**Activity**:
Return exactly the span of lines in the following data that opens with the line containing "LG Patent für rollbares Laptop-Design" and closes with the line containing "医用試作機「ASEMmed」". Include nothing else.

[Dataset excerpts]
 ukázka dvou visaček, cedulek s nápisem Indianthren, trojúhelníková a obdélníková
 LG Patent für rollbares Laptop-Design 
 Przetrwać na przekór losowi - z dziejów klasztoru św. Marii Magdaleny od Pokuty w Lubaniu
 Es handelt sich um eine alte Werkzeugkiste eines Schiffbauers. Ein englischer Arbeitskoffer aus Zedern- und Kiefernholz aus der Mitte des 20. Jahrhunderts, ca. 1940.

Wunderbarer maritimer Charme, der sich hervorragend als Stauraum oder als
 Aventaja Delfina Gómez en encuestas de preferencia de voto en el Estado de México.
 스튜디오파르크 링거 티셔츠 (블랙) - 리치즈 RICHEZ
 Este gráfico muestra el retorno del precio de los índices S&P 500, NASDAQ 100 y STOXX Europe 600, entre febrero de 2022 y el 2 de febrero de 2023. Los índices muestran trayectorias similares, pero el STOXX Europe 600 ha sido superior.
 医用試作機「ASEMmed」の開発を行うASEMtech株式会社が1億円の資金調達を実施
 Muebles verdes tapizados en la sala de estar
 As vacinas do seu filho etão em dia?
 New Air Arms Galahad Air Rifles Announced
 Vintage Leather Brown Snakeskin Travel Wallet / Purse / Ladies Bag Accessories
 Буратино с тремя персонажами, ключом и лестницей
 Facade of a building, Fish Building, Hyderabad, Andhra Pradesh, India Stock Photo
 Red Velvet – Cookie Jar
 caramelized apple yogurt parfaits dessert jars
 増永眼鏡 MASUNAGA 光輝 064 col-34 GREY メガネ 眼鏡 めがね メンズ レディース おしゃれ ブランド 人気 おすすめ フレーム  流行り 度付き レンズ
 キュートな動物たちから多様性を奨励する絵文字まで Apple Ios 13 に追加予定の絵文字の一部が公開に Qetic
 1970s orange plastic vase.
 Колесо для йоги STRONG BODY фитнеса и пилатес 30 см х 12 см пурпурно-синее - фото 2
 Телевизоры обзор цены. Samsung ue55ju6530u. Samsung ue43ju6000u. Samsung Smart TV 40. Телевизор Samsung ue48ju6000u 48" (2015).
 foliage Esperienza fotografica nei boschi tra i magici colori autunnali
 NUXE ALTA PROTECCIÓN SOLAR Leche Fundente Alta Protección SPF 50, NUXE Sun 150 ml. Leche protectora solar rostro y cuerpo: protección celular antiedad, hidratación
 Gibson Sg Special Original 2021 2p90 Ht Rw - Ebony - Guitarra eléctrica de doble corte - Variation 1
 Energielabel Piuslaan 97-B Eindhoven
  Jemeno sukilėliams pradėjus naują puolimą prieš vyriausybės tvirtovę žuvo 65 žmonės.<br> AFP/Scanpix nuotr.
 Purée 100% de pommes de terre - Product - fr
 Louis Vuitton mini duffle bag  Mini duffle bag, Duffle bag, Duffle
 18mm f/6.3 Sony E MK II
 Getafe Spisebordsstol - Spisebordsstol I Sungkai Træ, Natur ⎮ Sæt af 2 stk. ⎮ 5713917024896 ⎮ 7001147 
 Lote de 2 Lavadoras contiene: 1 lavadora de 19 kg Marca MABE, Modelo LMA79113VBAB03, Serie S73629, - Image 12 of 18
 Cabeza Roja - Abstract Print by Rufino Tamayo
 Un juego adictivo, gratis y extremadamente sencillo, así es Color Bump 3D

**Completed exercise**:
 LG Patent für rollbares Laptop-Design 
 Przetrwać na przekór losowi - z dziejów klasztoru św. Marii Magdaleny od Pokuty w Lubaniu
 Es handelt sich um eine alte Werkzeugkiste eines Schiffbauers. Ein englischer Arbeitskoffer aus Zedern- und Kiefernholz aus der Mitte des 20. Jahrhunderts, ca. 1940.

Wunderbarer maritimer Charme, der sich hervorragend als Stauraum oder als
 Aventaja Delfina Gómez en encuestas de preferencia de voto en el Estado de México.
 스튜디오파르크 링거 티셔츠 (블랙) - 리치즈 RICHEZ
 Este gráfico muestra el retorno del precio de los índices S&P 500, NASDAQ 100 y STOXX Europe 600, entre febrero de 2022 y el 2 de febrero de 2023. Los índices muestran trayectorias similares, pero el STOXX Europe 600 ha sido superior.
 医用試作機「ASEMmed」の開発を行うASEMtech株式会社が1億円の資金調達を実施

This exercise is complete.